### PROVIDED DATA
::::::::

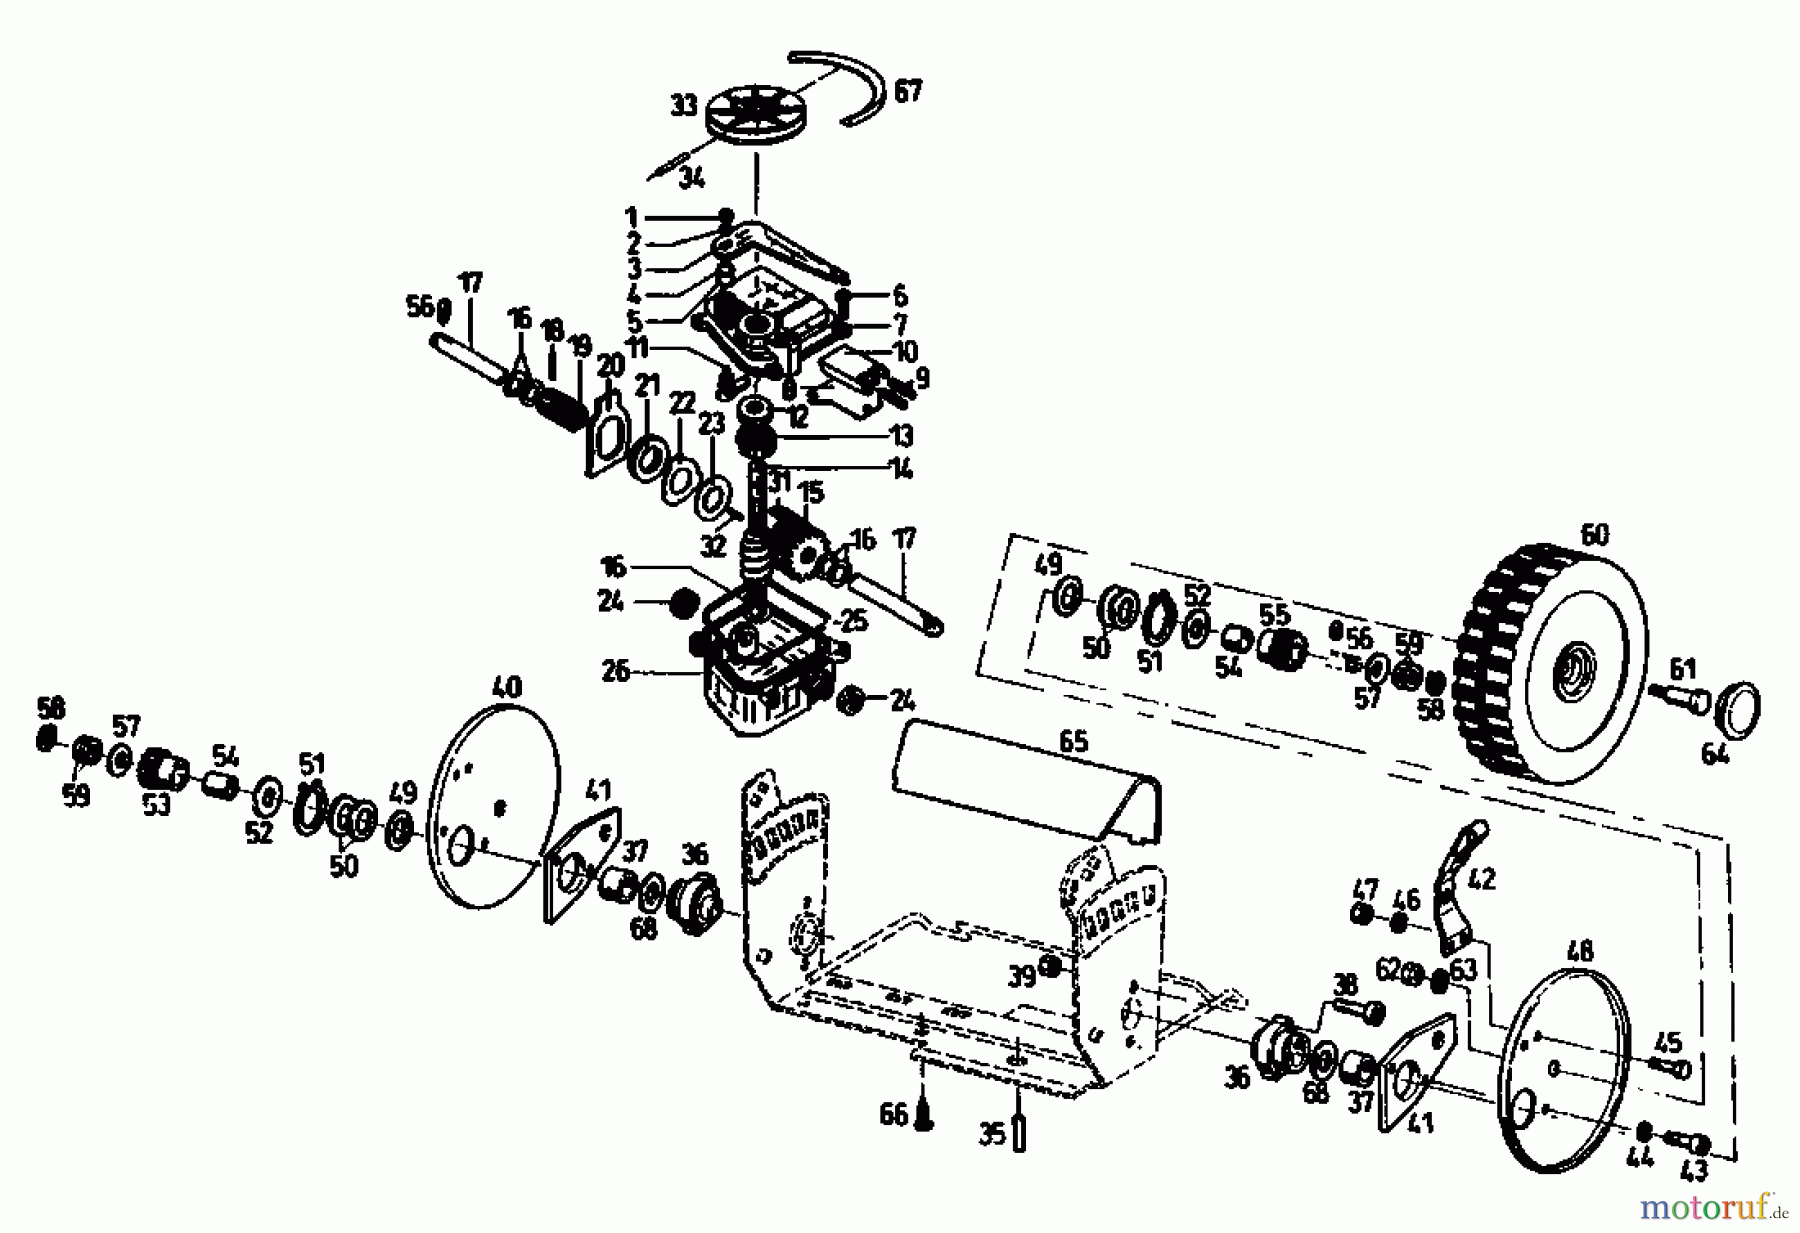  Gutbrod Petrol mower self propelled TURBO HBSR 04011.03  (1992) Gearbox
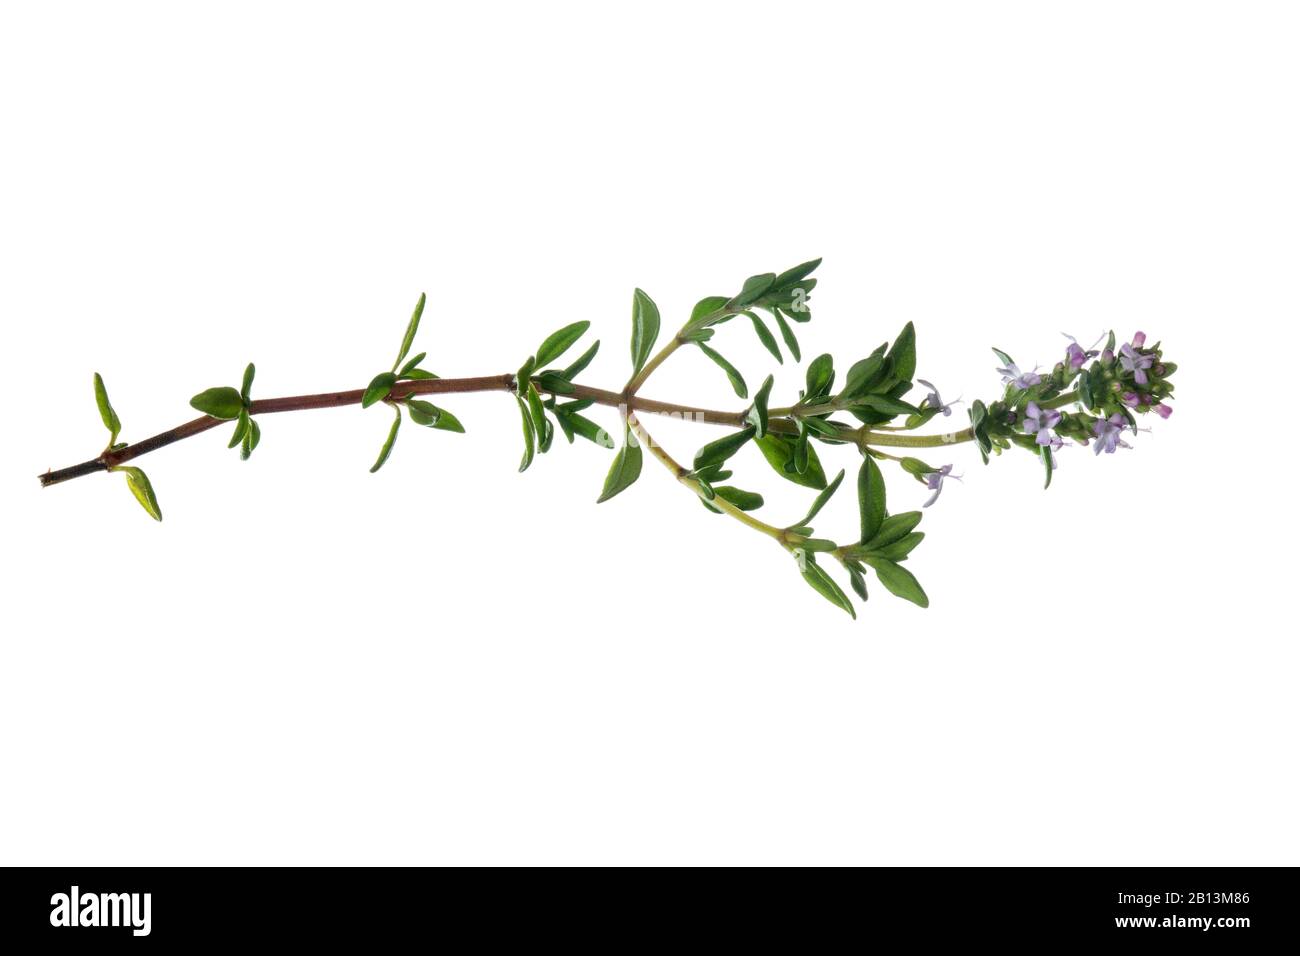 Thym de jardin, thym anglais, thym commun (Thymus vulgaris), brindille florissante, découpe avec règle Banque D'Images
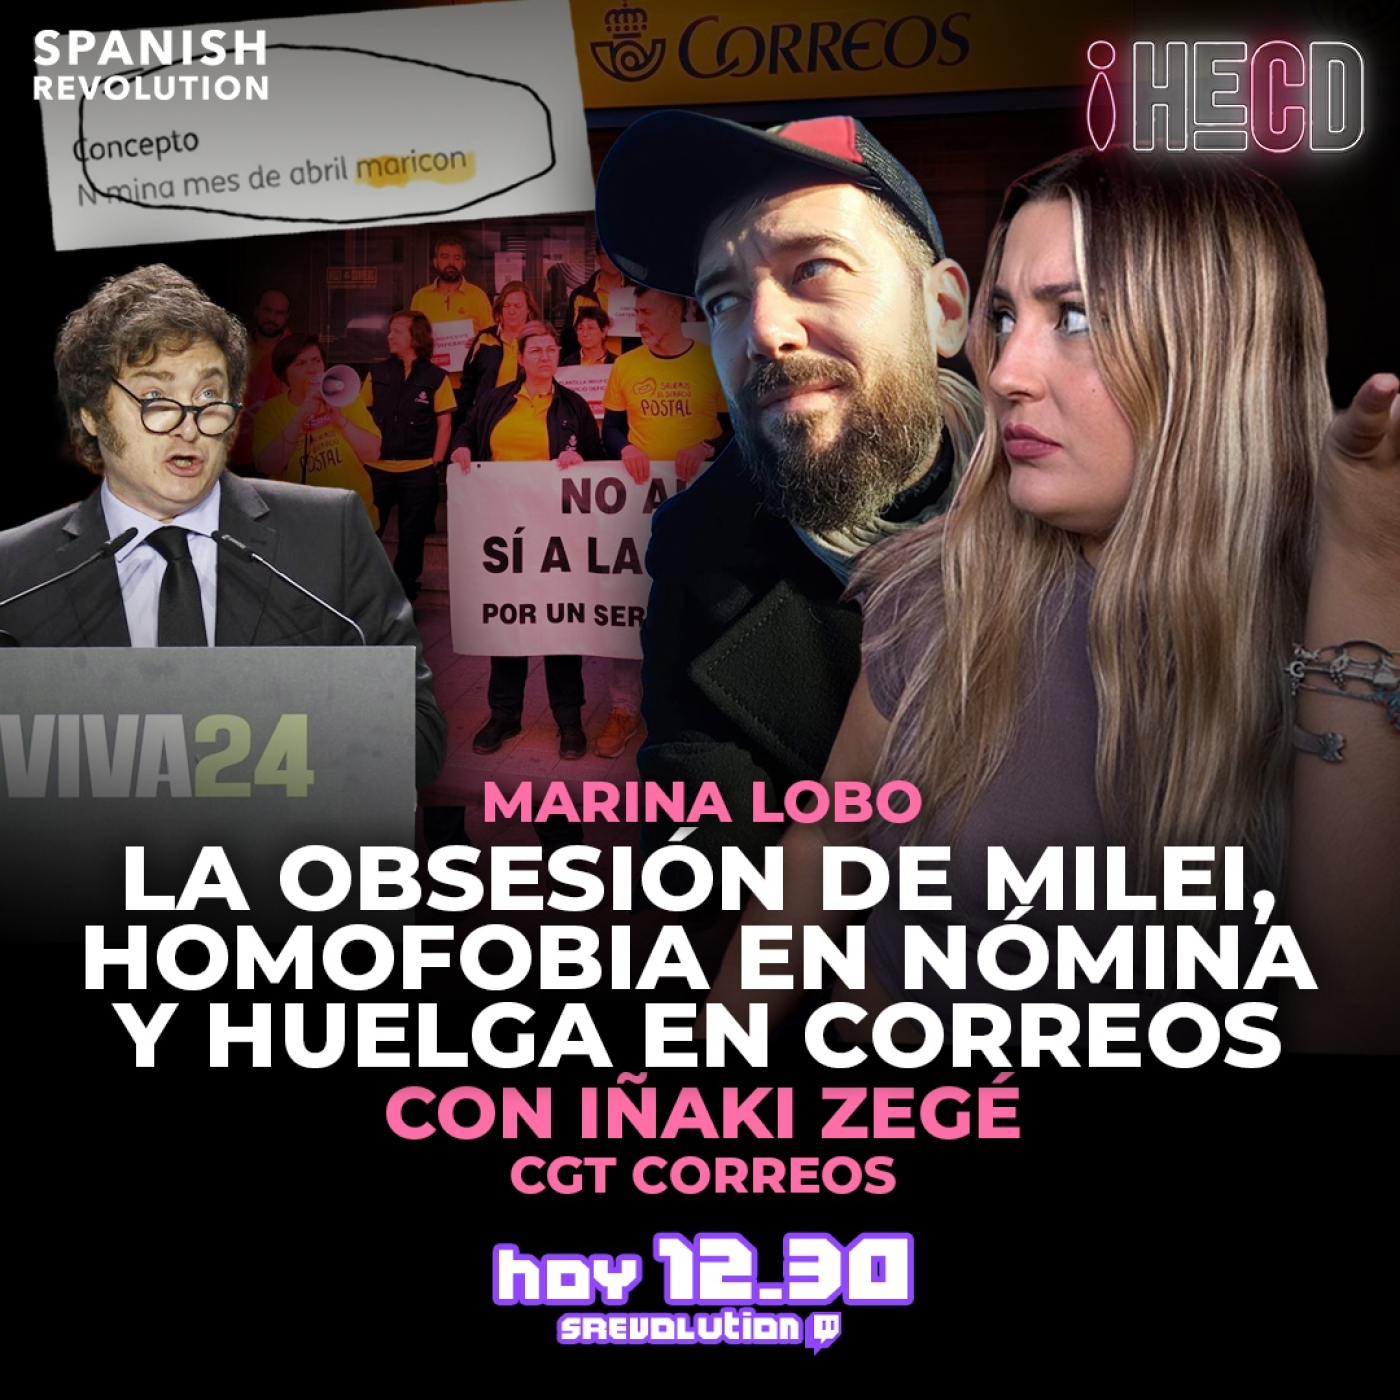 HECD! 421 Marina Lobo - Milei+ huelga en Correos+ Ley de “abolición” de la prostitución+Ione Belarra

::::::::

### WHAT YOU WILL DO
Retype the listing above exactly as it appears, omitting the pictures.

### TASK RESULT
  Gutbrod Petrol mower self propelled TURBO HBSR 04011.03  (1992) Gearbox
 Thym de jardin, thym anglais, thym commun (Thymus vulgaris), brindille florissante, découpe avec règle Banque D'Images
 HECD! 421 Marina Lobo - Milei+ huelga en Correos+ Ley de “abolición” de la prostitución+Ione Belarra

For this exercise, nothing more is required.